• [Data]

= Beginning of Section =

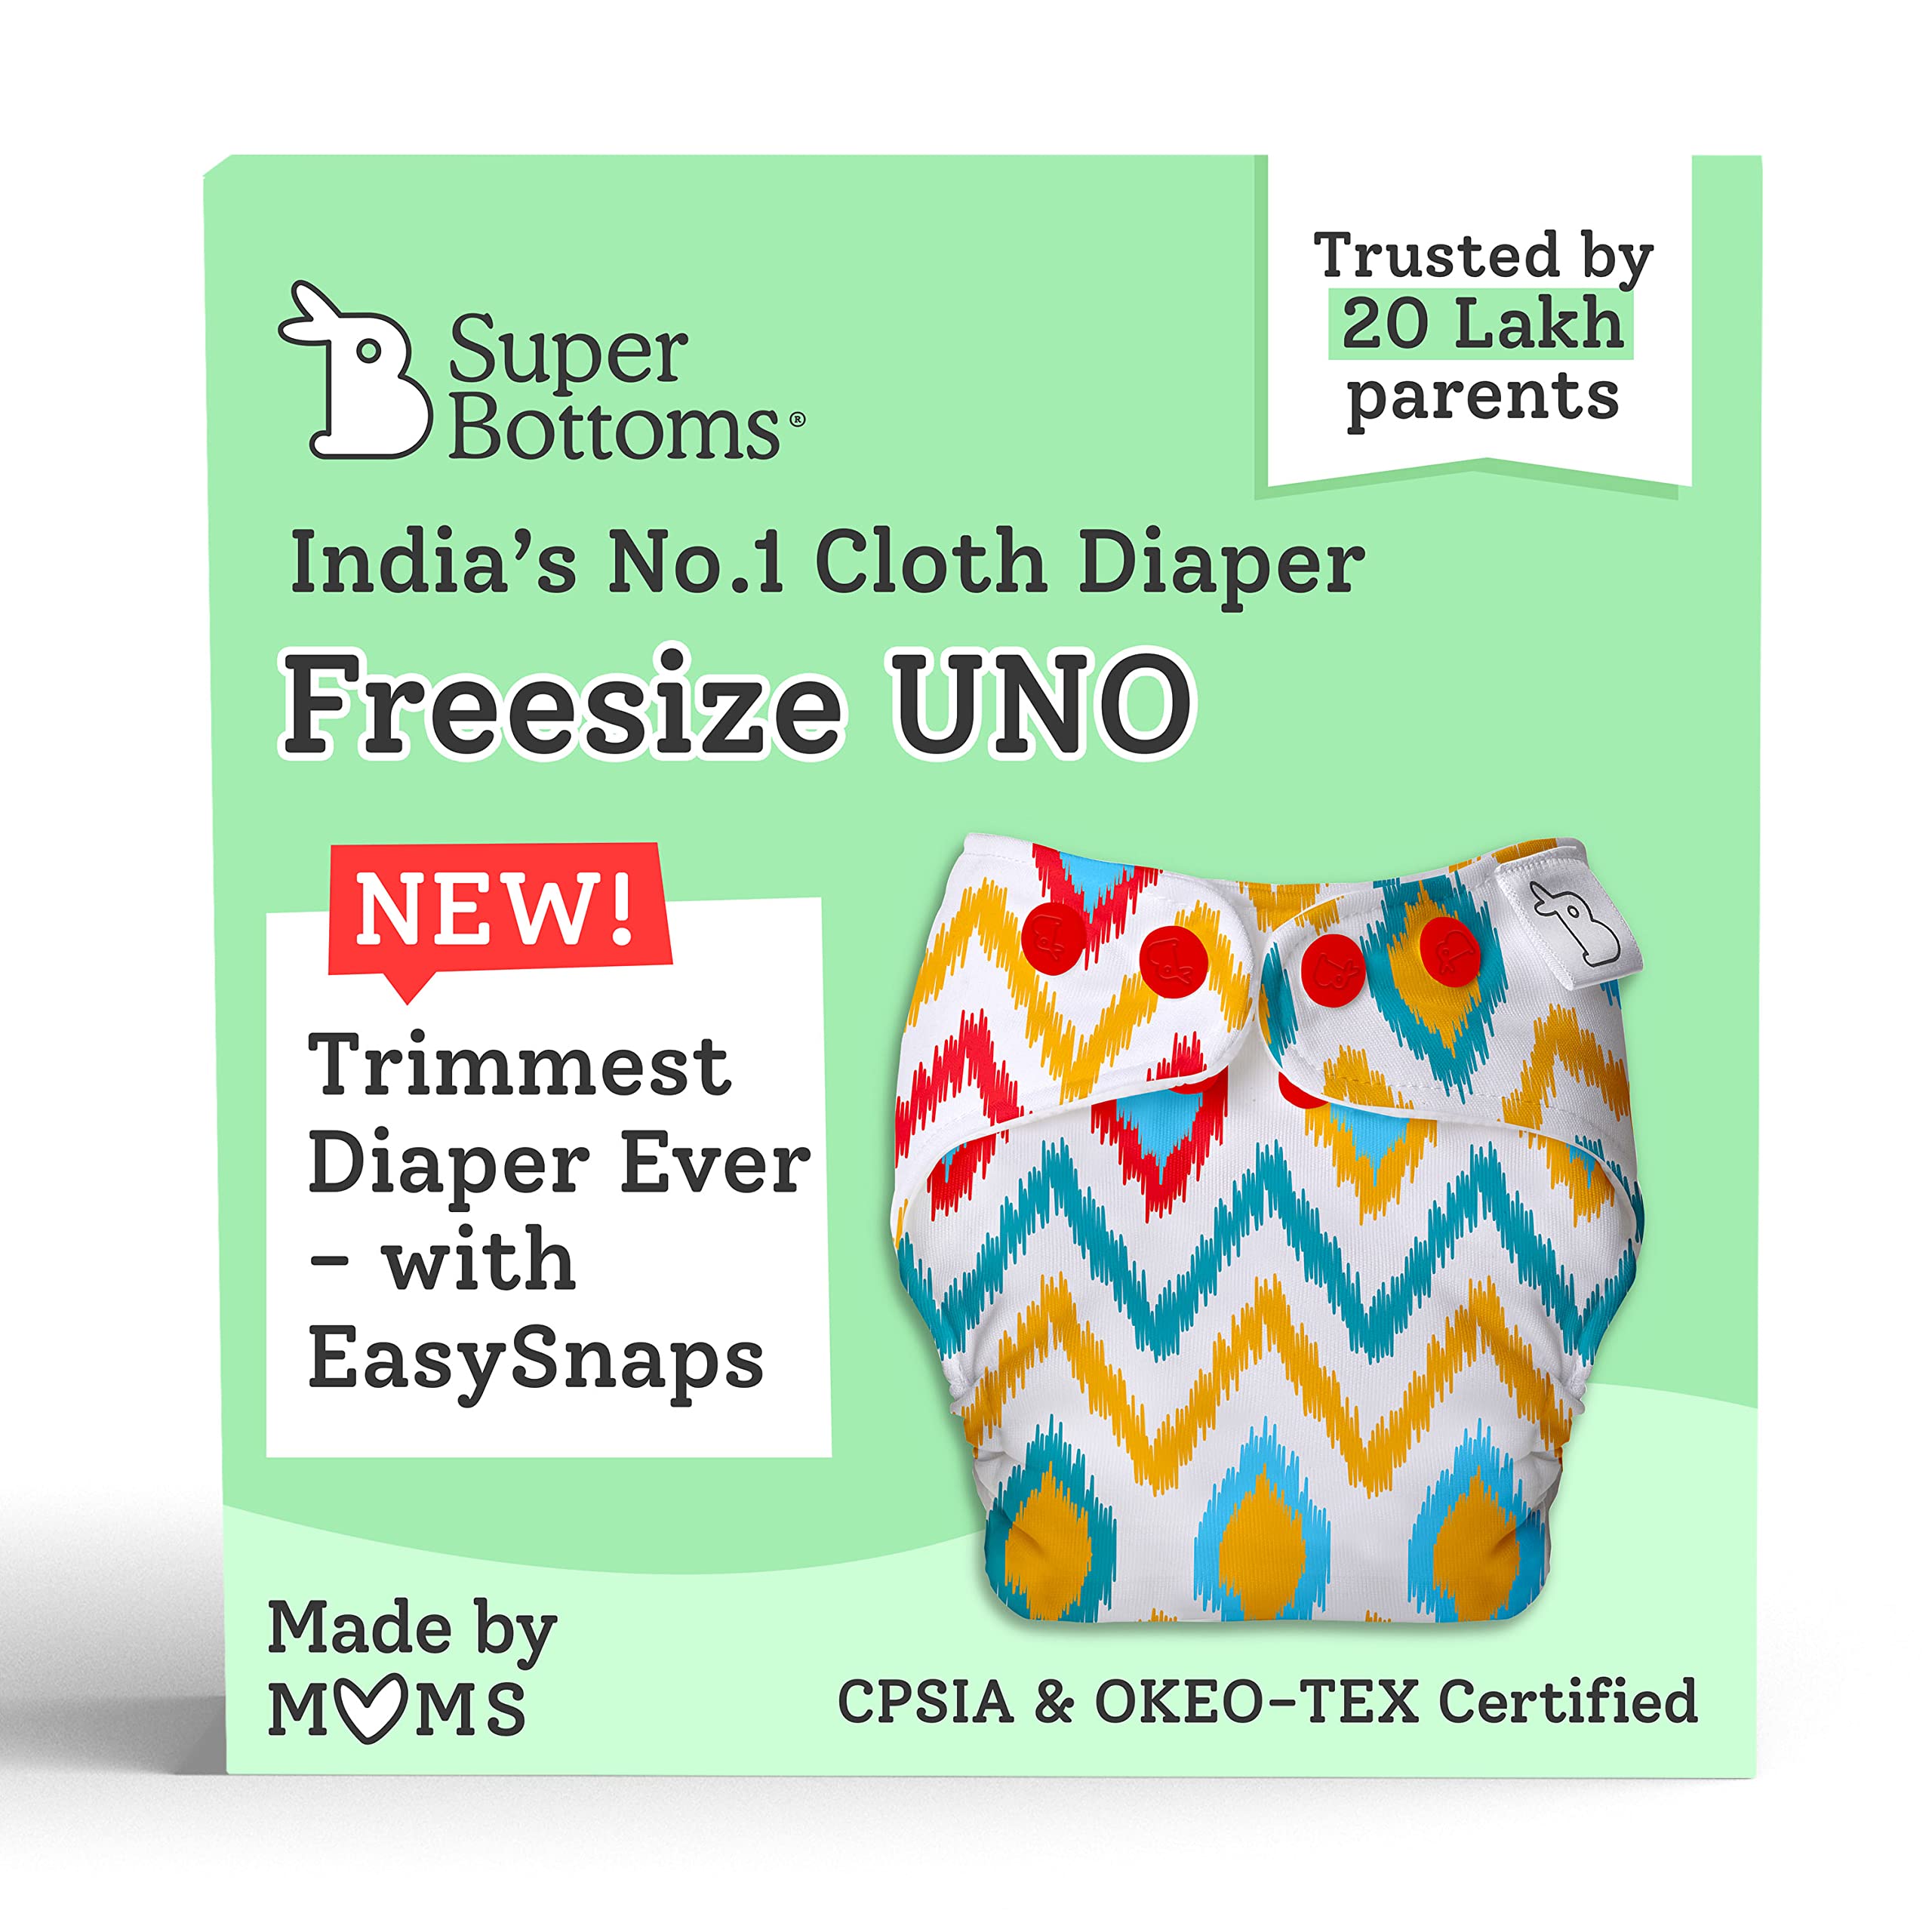 SuperBottoms New UNO Freesize Cloth Diaper, Cloth Diaper for Babies 0 to 3 Years, Washable & Reusable Cloth Diaper, Comes with Cloth Diaper Insert, 1 Diaper and 1 Organic Cotton Soaker
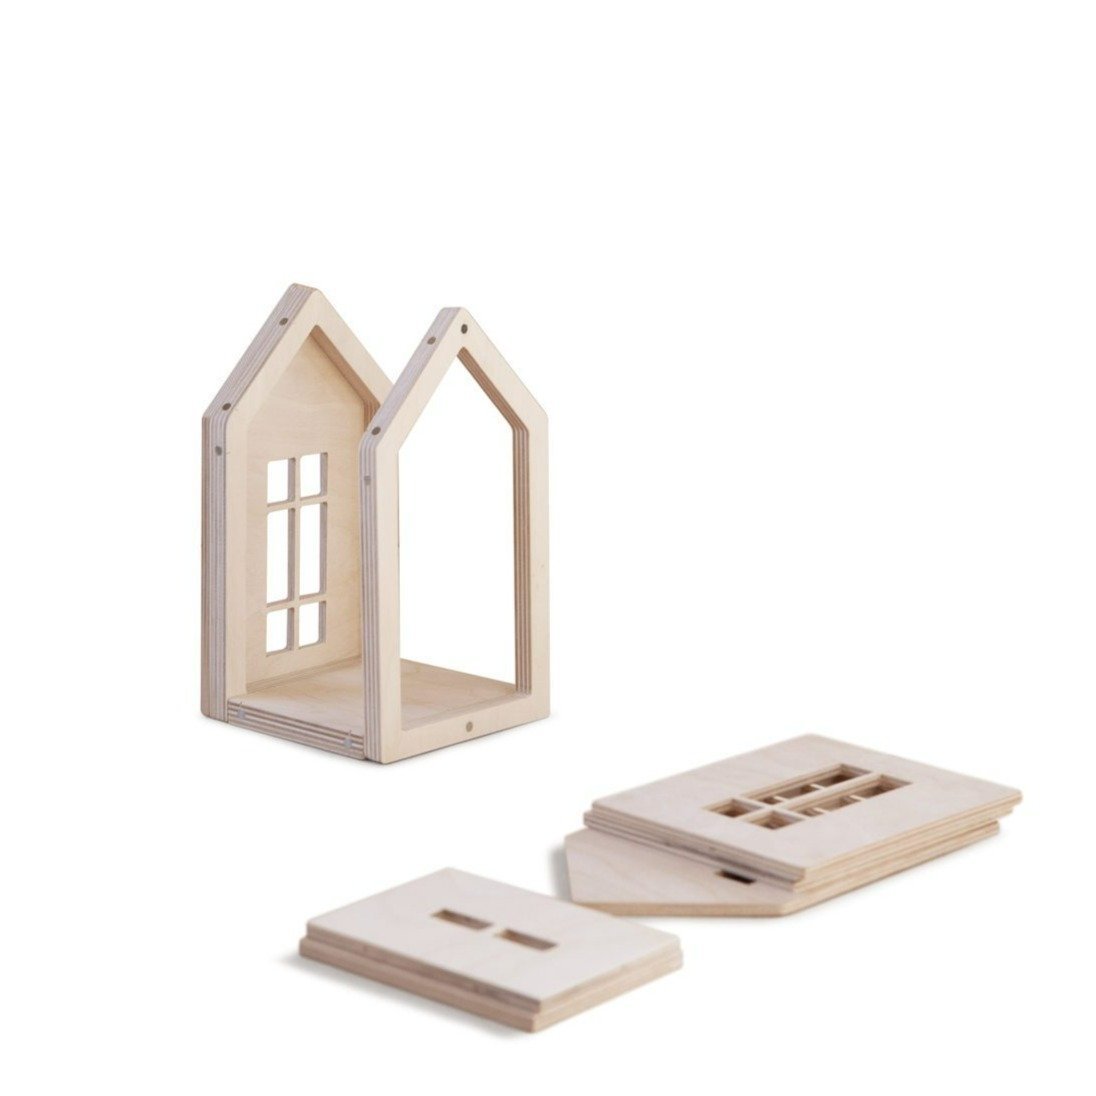 Medium Wooden Dollhouse With Magnets - Natural | Babai | Toys - Bee Like Kids
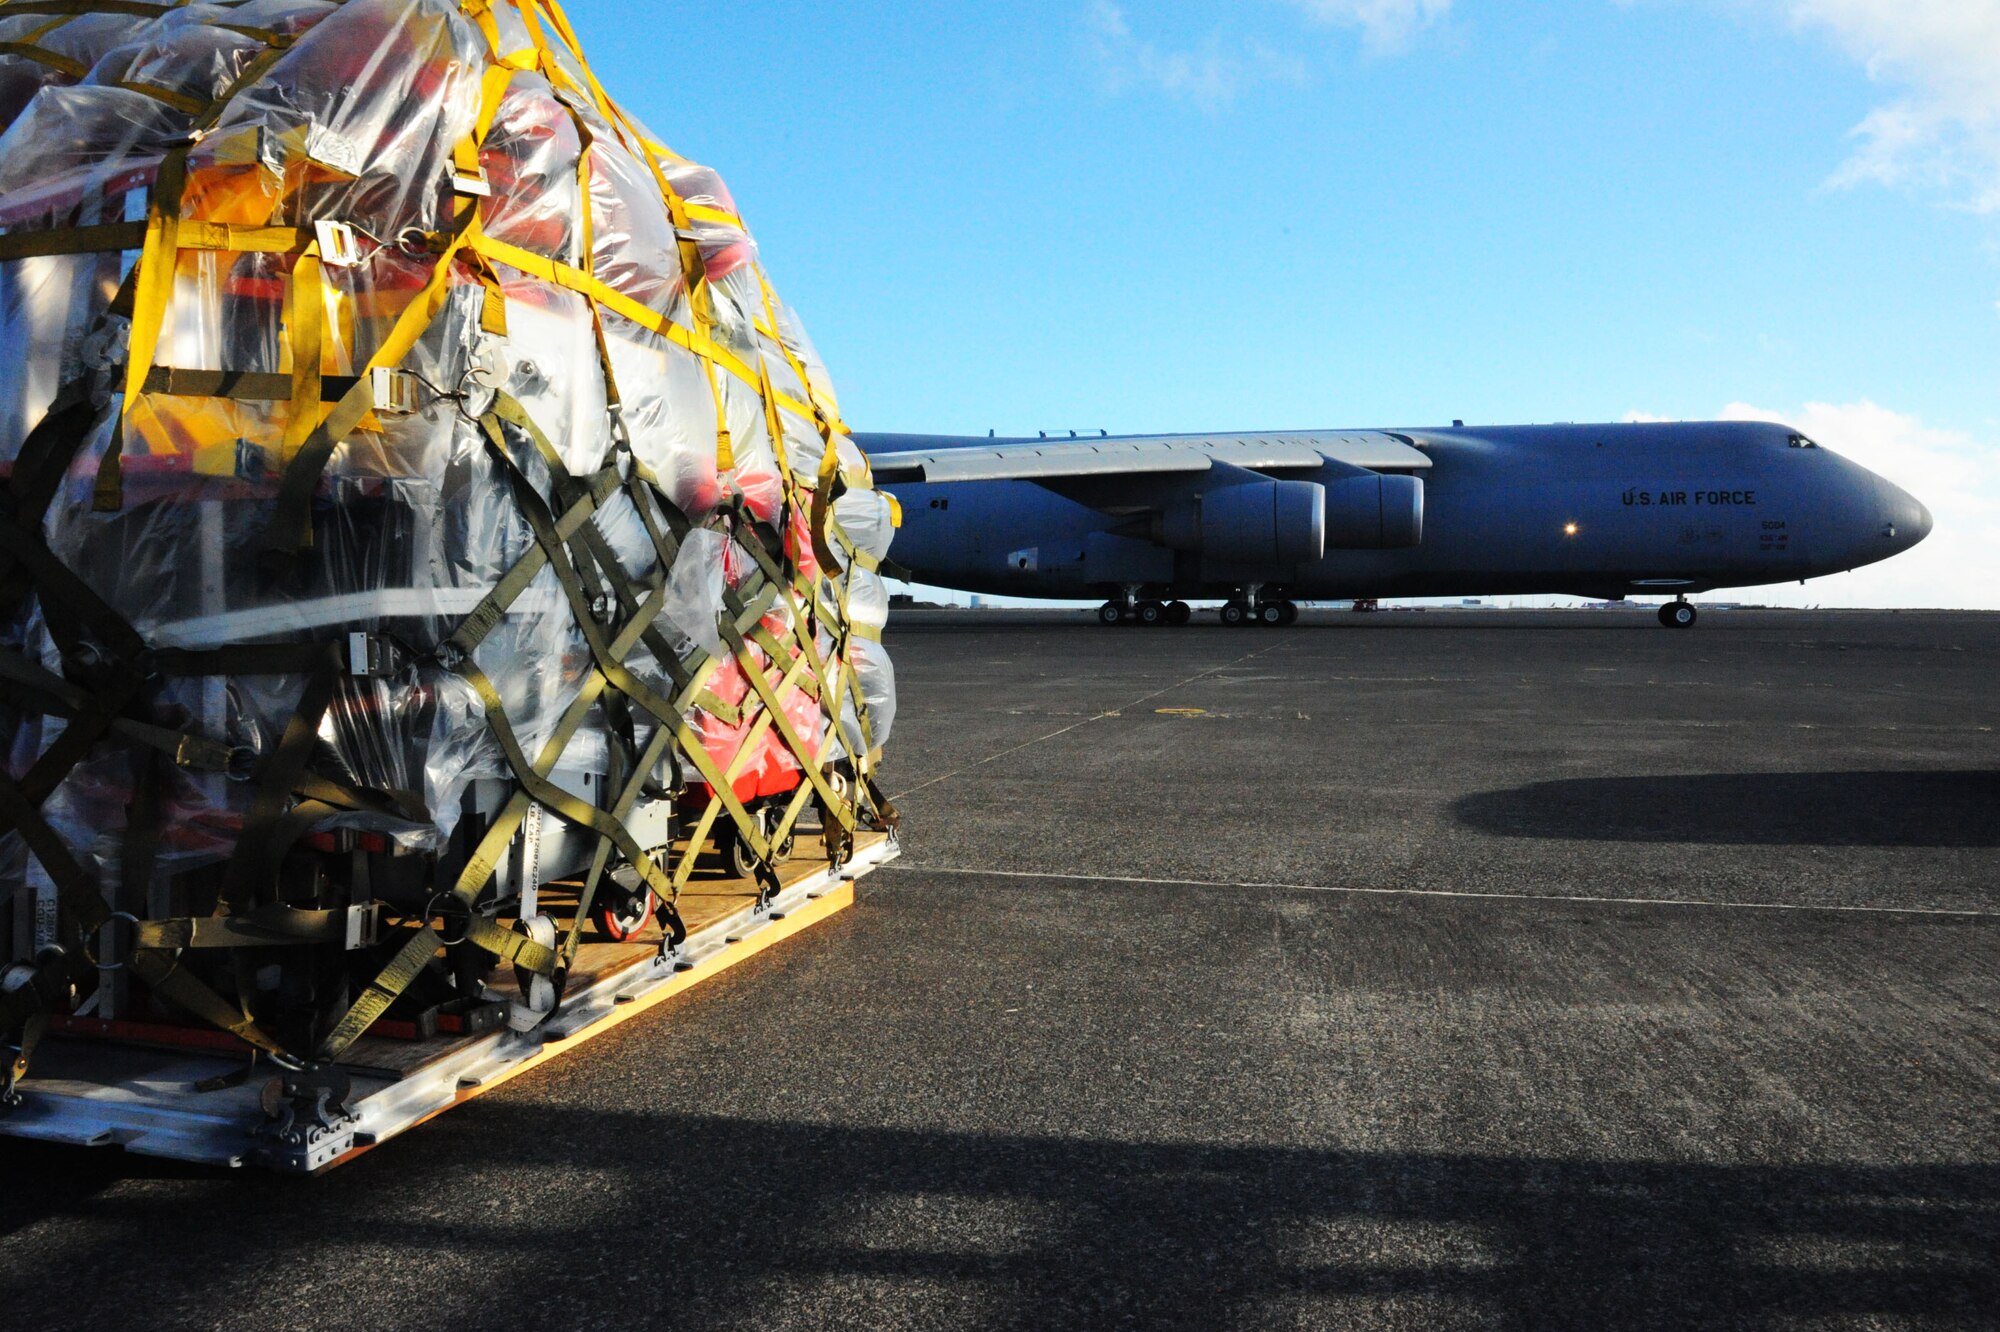 A U.S. Air Force C-5 Galaxy cargo aircraft taxis from the flightline at Keflavik International Airport, April 28, 2016 as equipment sits ready to be loaded. The equipment and approximately 200 Airmen assigned to the 104th Fighter Wing, Barnes Air National Guard Base, Mass., completed the Icelandic Air Surveillance mission and will travel to Estonia to conduct training and partnership operations there. (U.S. Air Force photo by Master Sgt. Kevin Nichols/Released)
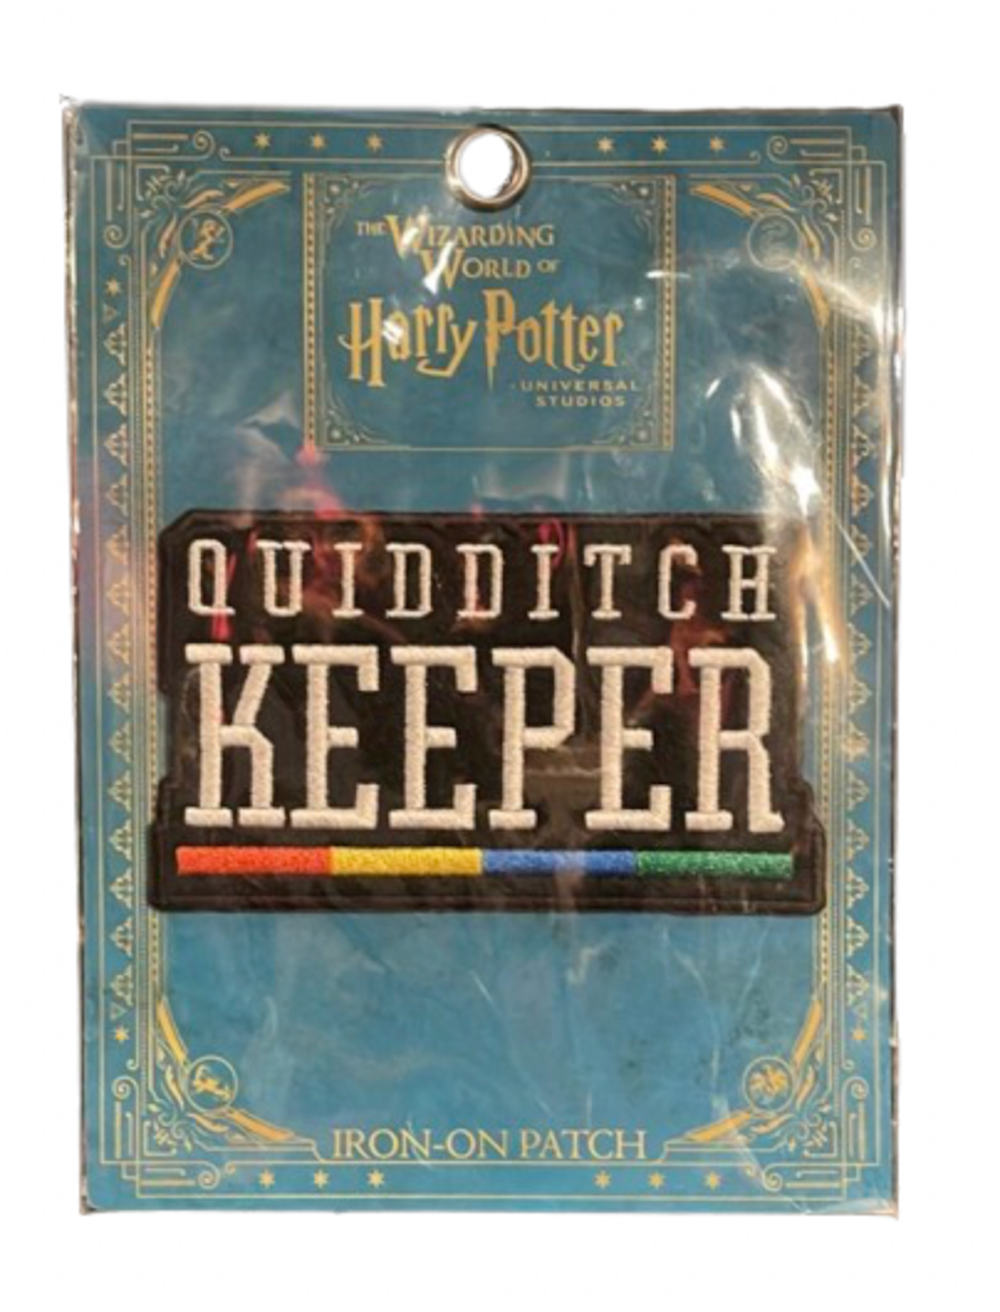 Universal Studios Harry Potter Quidditch Keeper Iron on Patch New with Card

= End of Section =

• [Work request]
Return the opening line of the data above and every line after it up to and including the line that holds "A U.S. Air Force"; pictures stay out.

• [Response]
 SuperBottoms New UNO Freesize Cloth Diaper, Cloth Diaper for Babies 0 to 3 Years, Washable & Reusable Cloth Diaper, Comes with Cloth Diaper Insert, 1 Diaper and 1 Organic Cotton Soaker
 Medium Wooden Dollhouse With Magnets - Natural | Babai | Toys - Bee Like Kids
 A U.S. Air Force C-5 Galaxy cargo aircraft taxis from the flightline at Keflavik International Airport, April 28, 2016 as equipment sits ready to be loaded. The equipment and approximately 200 Airmen assigned to the 104th Fighter Wing, Barnes Air National Guard Base, Mass., completed the Icelandic Air Surveillance mission and will travel to Estonia to conduct training and partnership operations there. (U.S. Air Force photo by Master Sgt. Kevin Nichols/Released)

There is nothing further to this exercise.